As reported today by The Wall Street Journal, Apple executives are “wrestling with how to strengthen iCloud encryption without inconveniencing users.”
Crash course on iCloud security
Although Apple does encrypt iCloud backups along with the rest of iCloud-based data, the company also has the encryption keys in its possession which means it is legally obliged to abide by any court-served data access request by law enforcement.
Apple has complied with thousands of such orders in the past.
“Apple is working to bolster its encryption so that it won’t be able to decode user information stored in iCloud,” wrote author Daisuke Wakabayashi.
But if Apple doesn’t have a copy of the encryption key, there’s nothing government agencies can do to break into encrypted iCloud device backups and other data.
Your iCloud Keychain passwords are safe
It should be noted that Apple does not have the encryption keys that protect some iCloud data, like passwords and credit-card information stored in iCloud Keychain, putting that data out of both Apple’s and the government’s reach.

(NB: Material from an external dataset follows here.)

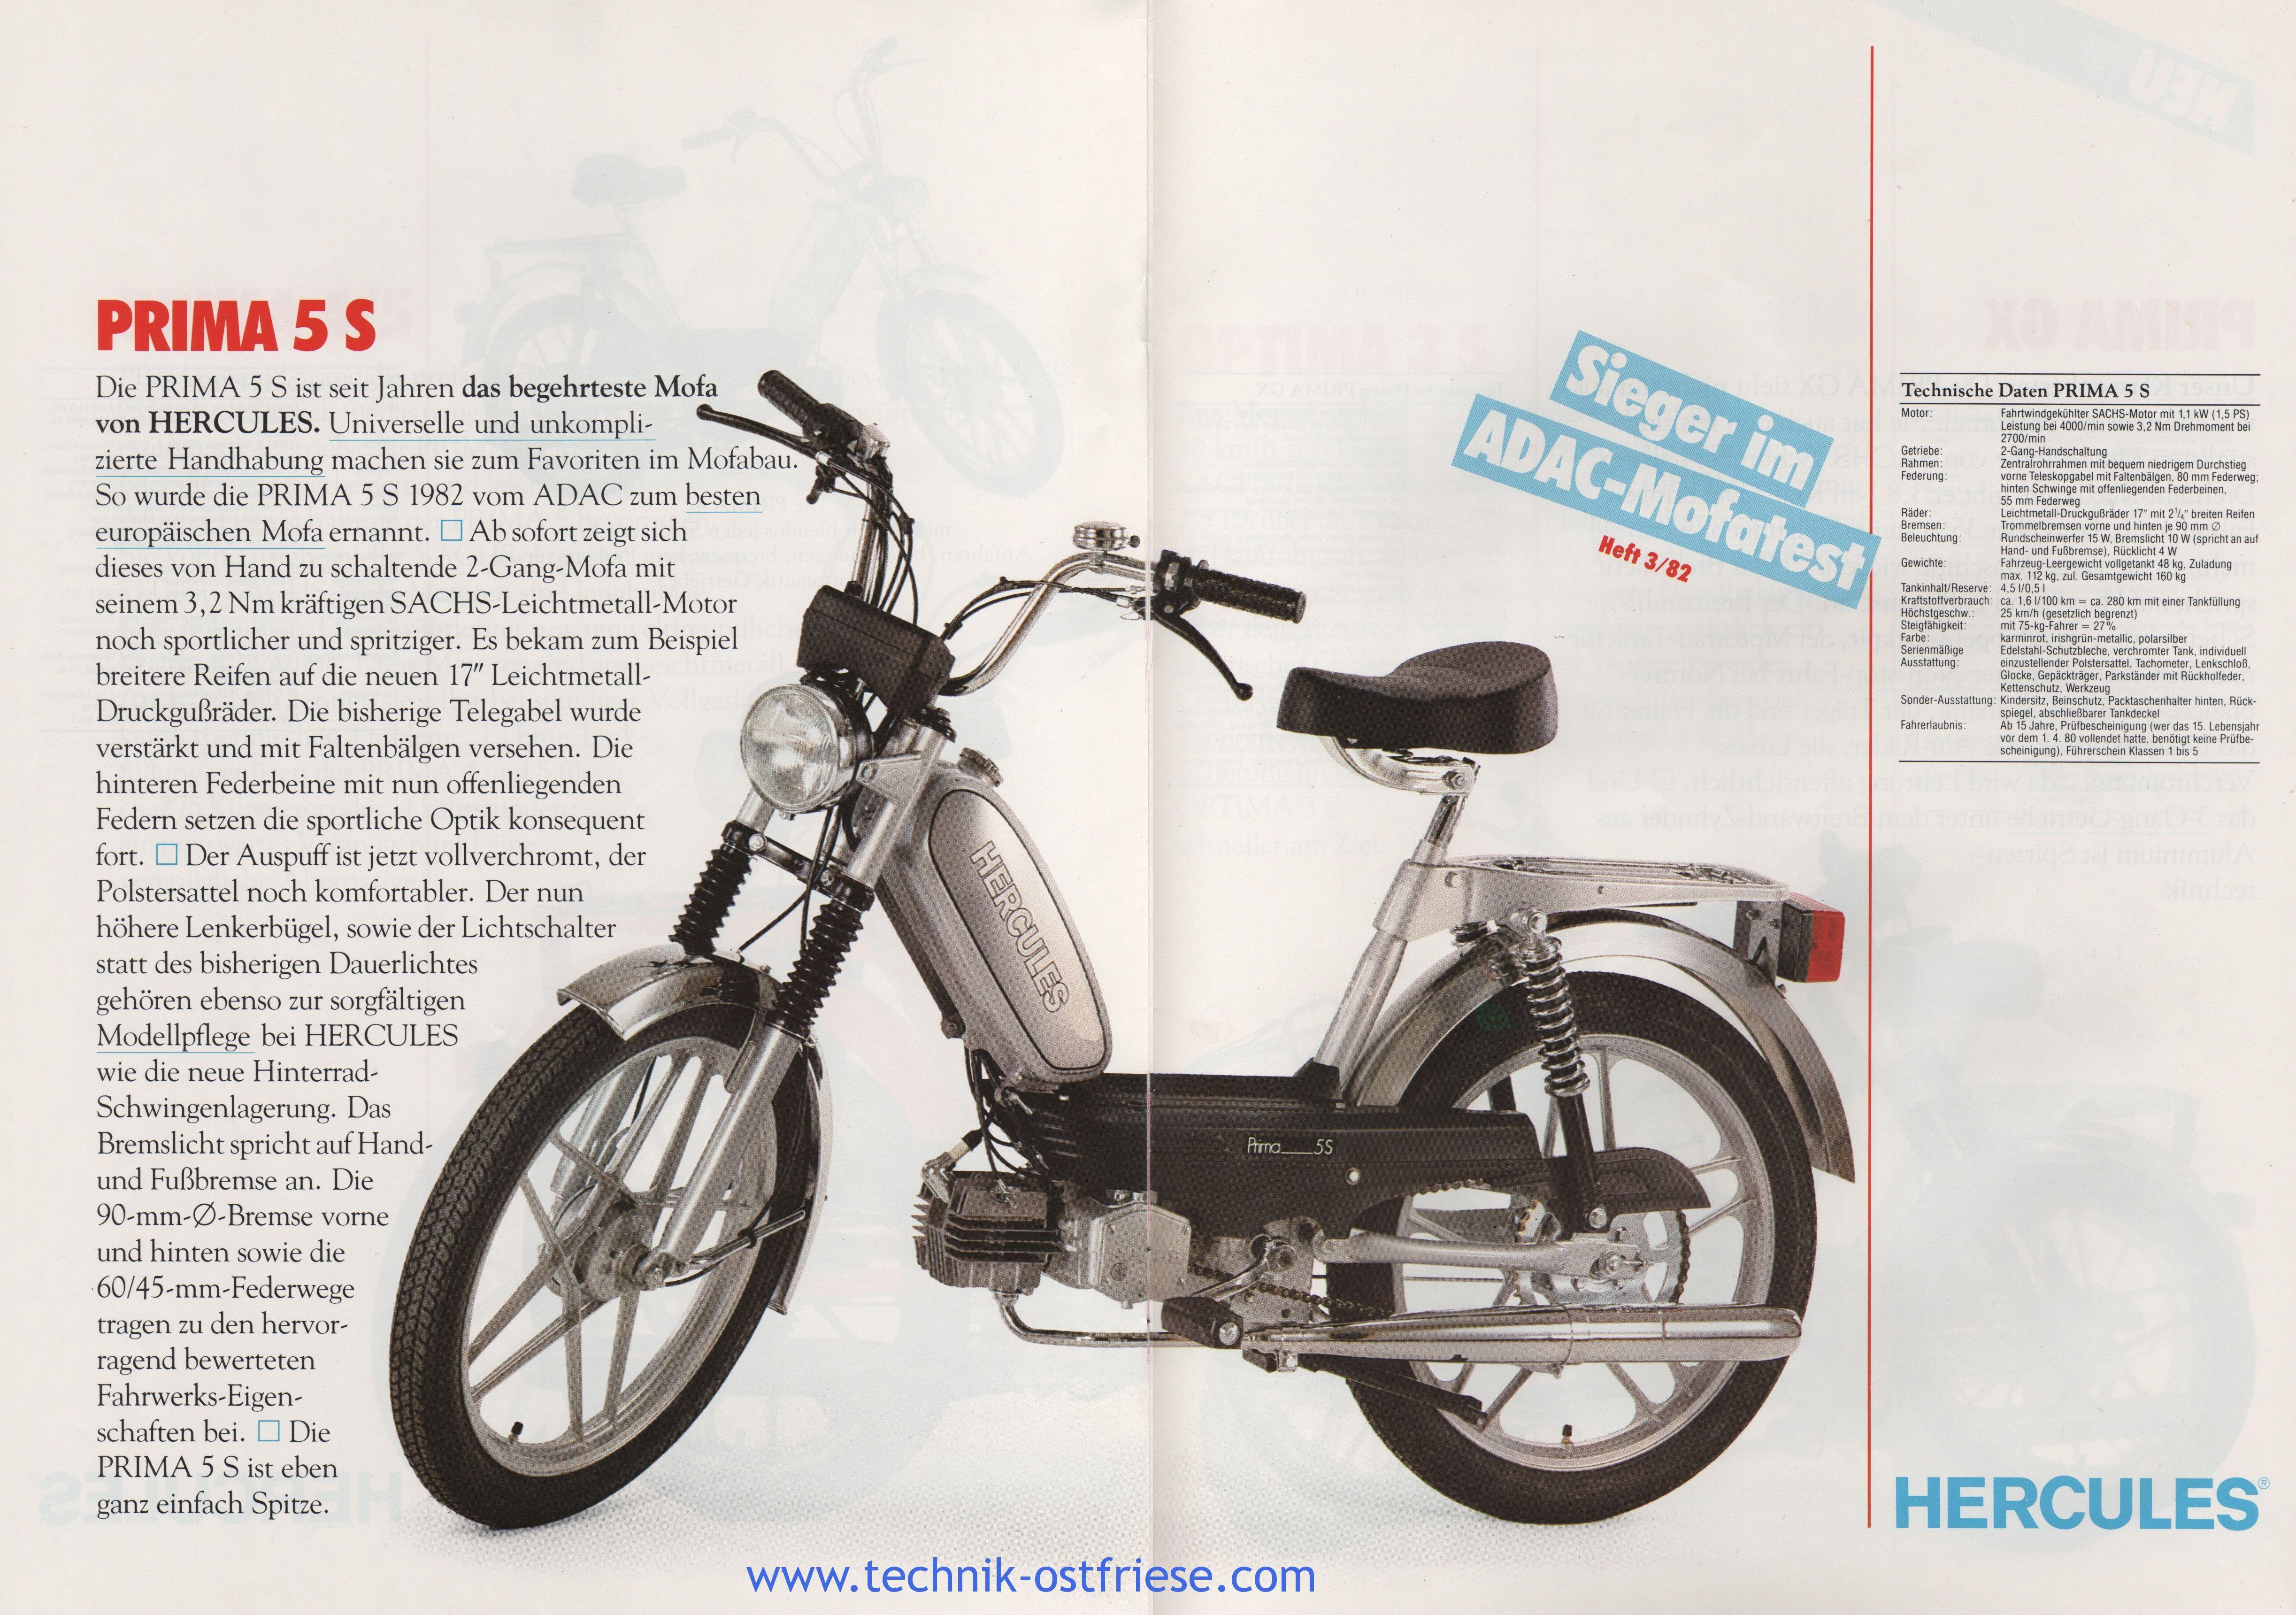 hercules prospekt mofas hercules prima 5s technische. Black Bedroom Furniture Sets. Home Design Ideas

“Any steps Apple takes to close off access to iCloud backups are likely to further antagonize law-enforcement authorities, for which the backups can be a trove of useful data,” cautions the article.
The New York Times first reported back in February that Apple is said to be trying to make it harder to hack iPhones by not storing encryption keys for users’ iCloud backups on its servers.

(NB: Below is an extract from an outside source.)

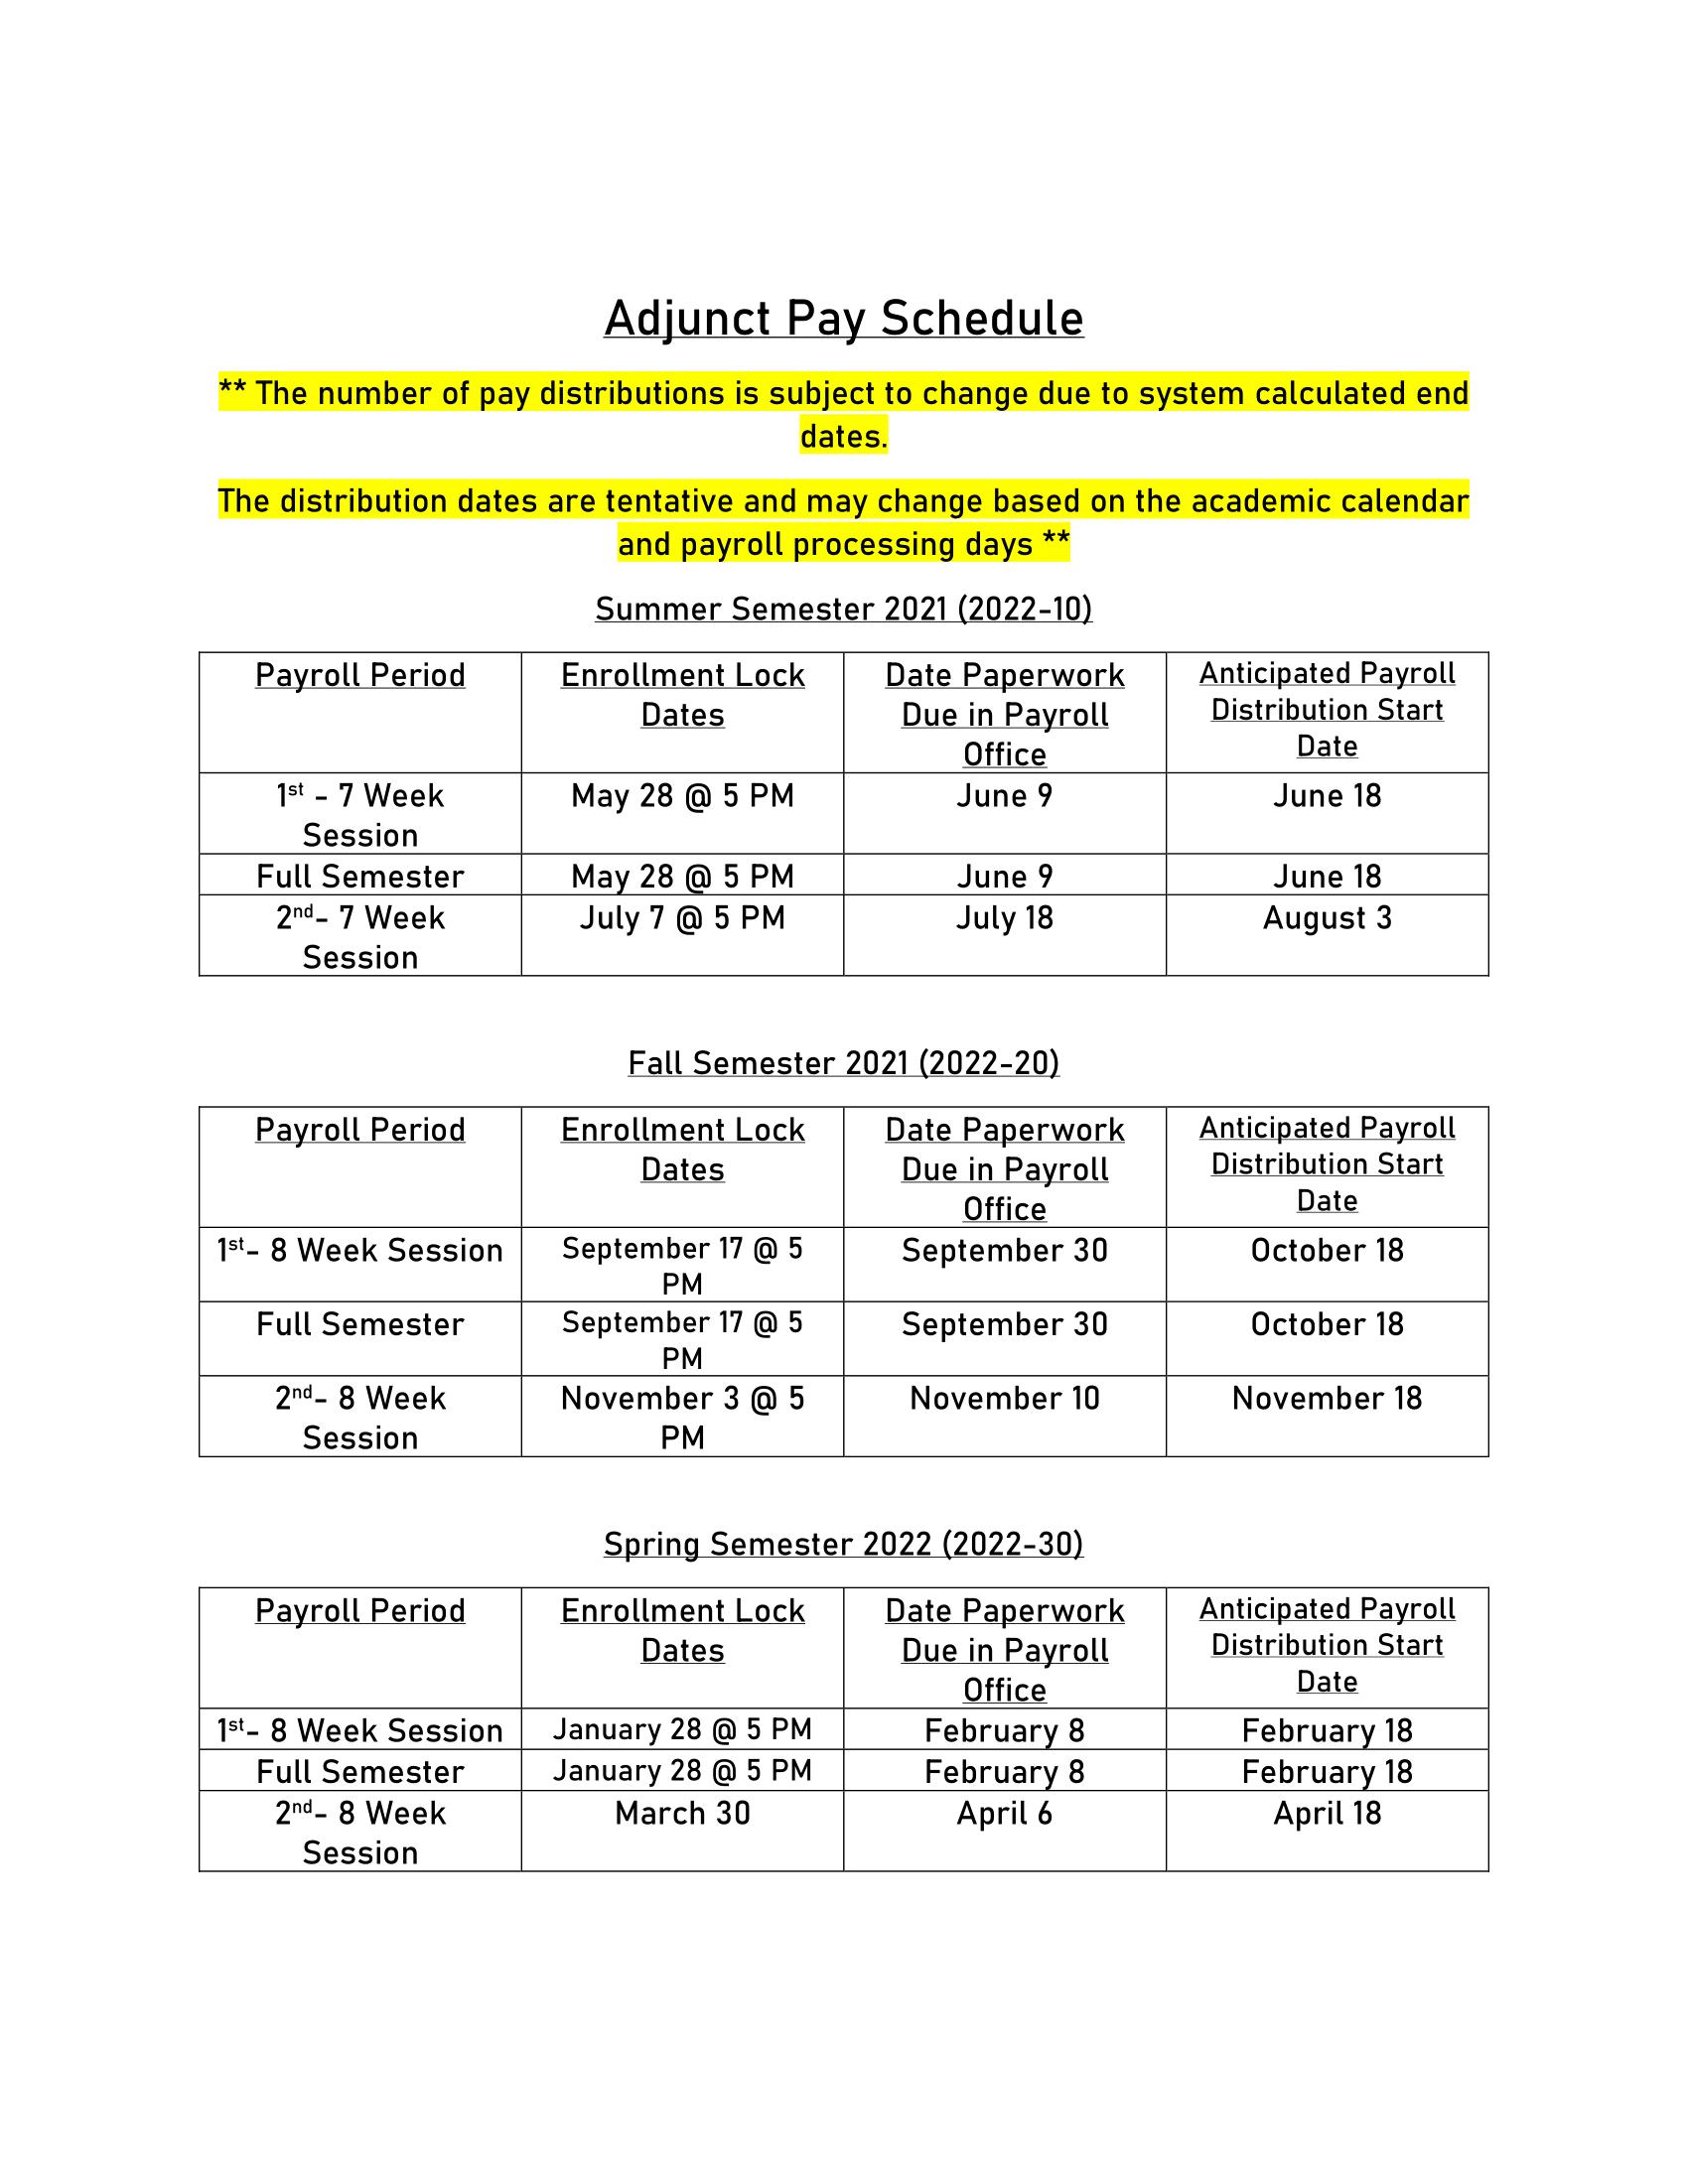 Adjunct Pay Schedule 2019

As for the iPhone, iPod touch and iPad, data on these devices is encrypted and protected by the user’s passcode. In fact, the user’s iPhone passcode is entangled with a device-specific key and some sauce to crate the encryption key.
The key is stored securely inside the Secure Enclave within the main application processor. It does not get stored on Apple’s servers and the operating system and applications cannot read it.

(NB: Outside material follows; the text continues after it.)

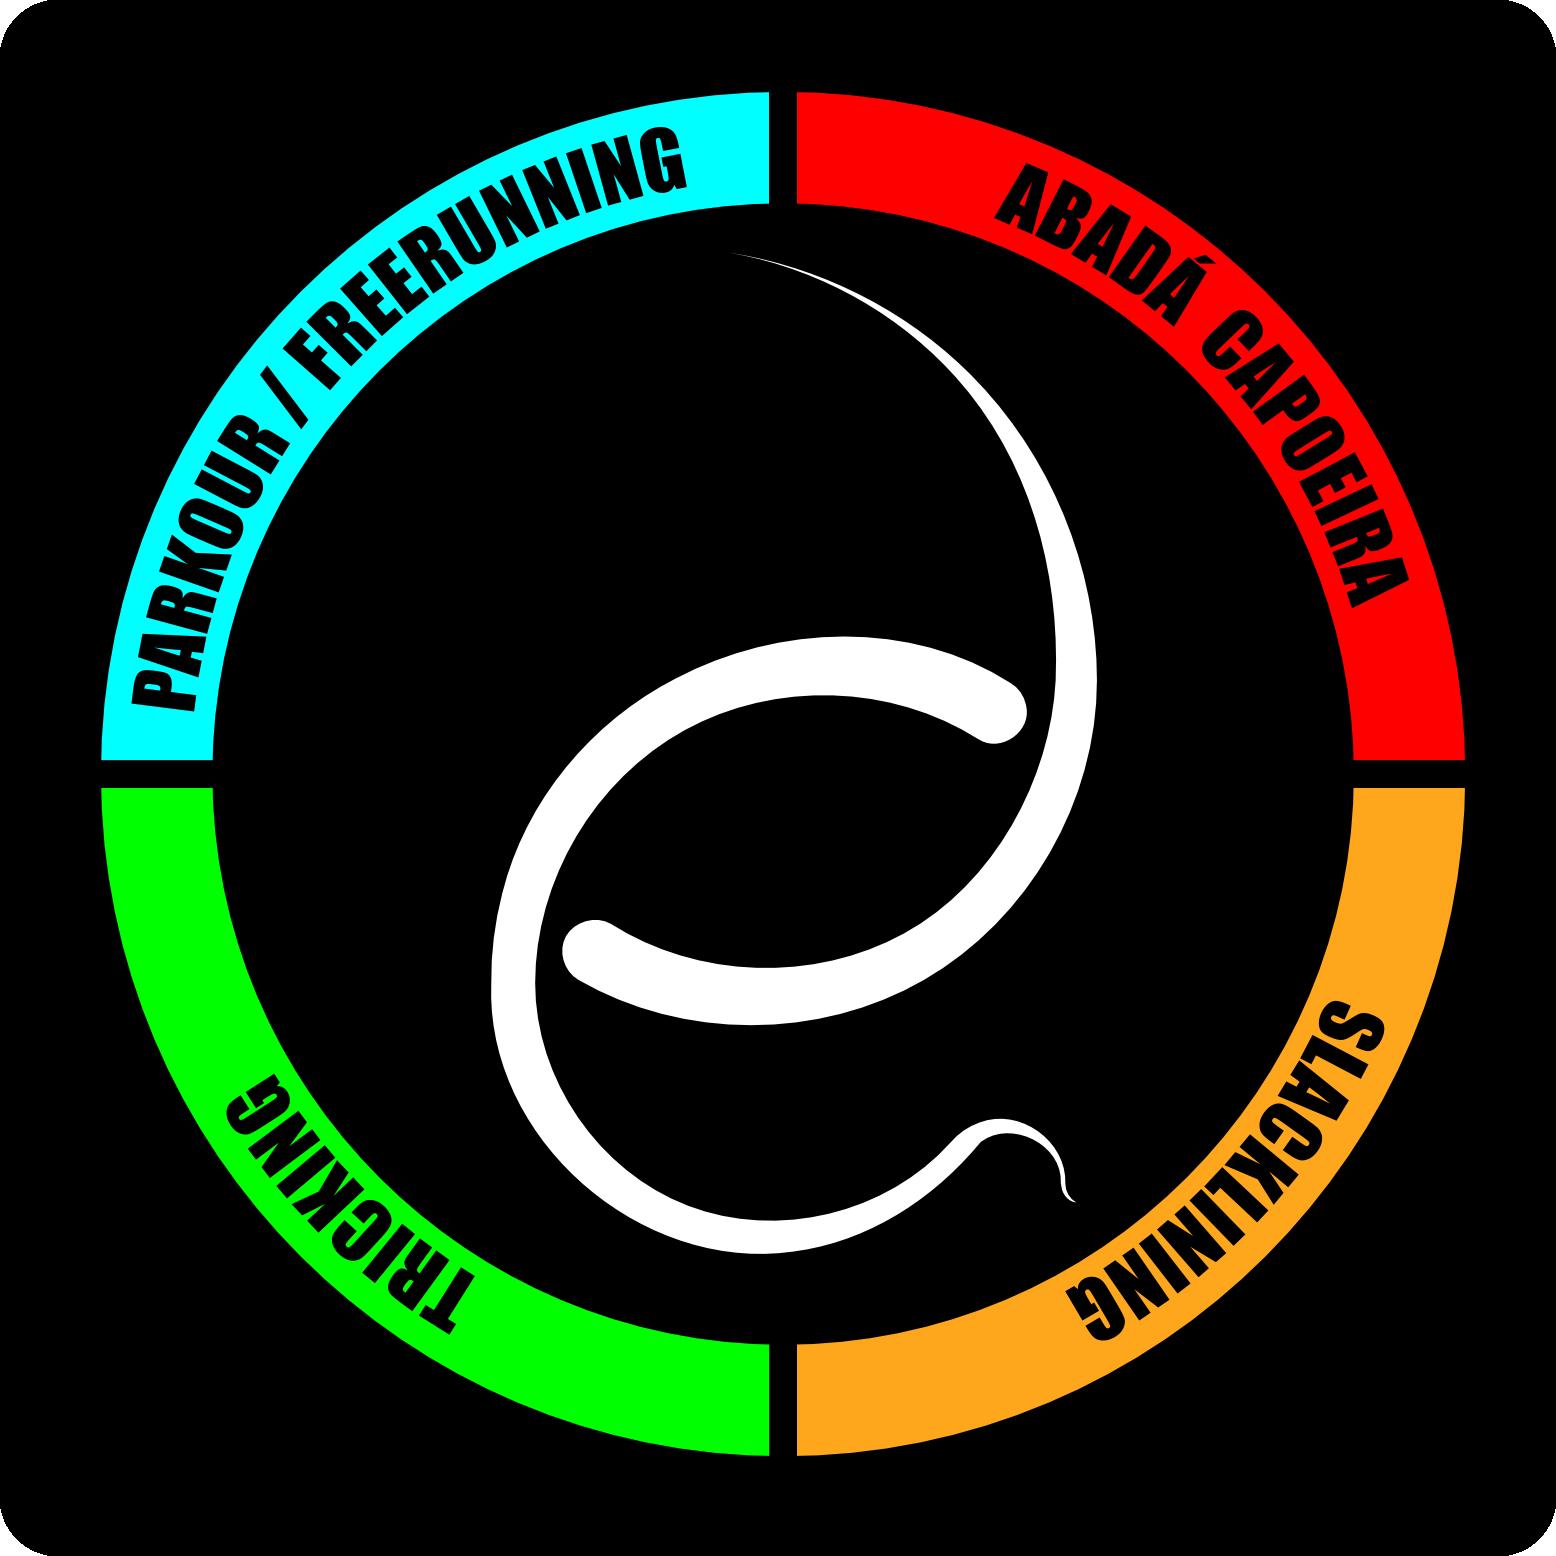 Capoeira - Brasilianische Kampfkunst

By contrast, iCloud backups are encrypted but not entangled with your passcode, making it easier for law enforcement to access data without user content.
Increasing security without inconveniencing users
The problem is, if Apple doesn’t have access to the encryption keys for deciphering the data in iCloud device backups, there’s nothing the company could theoretically do in order to permit those who would lose their password to easily retrieve and recover photos and other information stored in their iCloud backups.
“Telling a member of the public that they’re going to lose all the family photos they’ve ever taken because they forgot their password is a really tough sell,” Chris Soghoian, a technology analyst with the American Civil Liberties Union, told the paper.
The NYT story was corroborated by The Financial Times, which reported that Apple is in fact working on new ways to strengthen the encryption of customers’ iCloud backups in a way “that would make it impossible for the company to comply with valid requests for data from law enforcement.”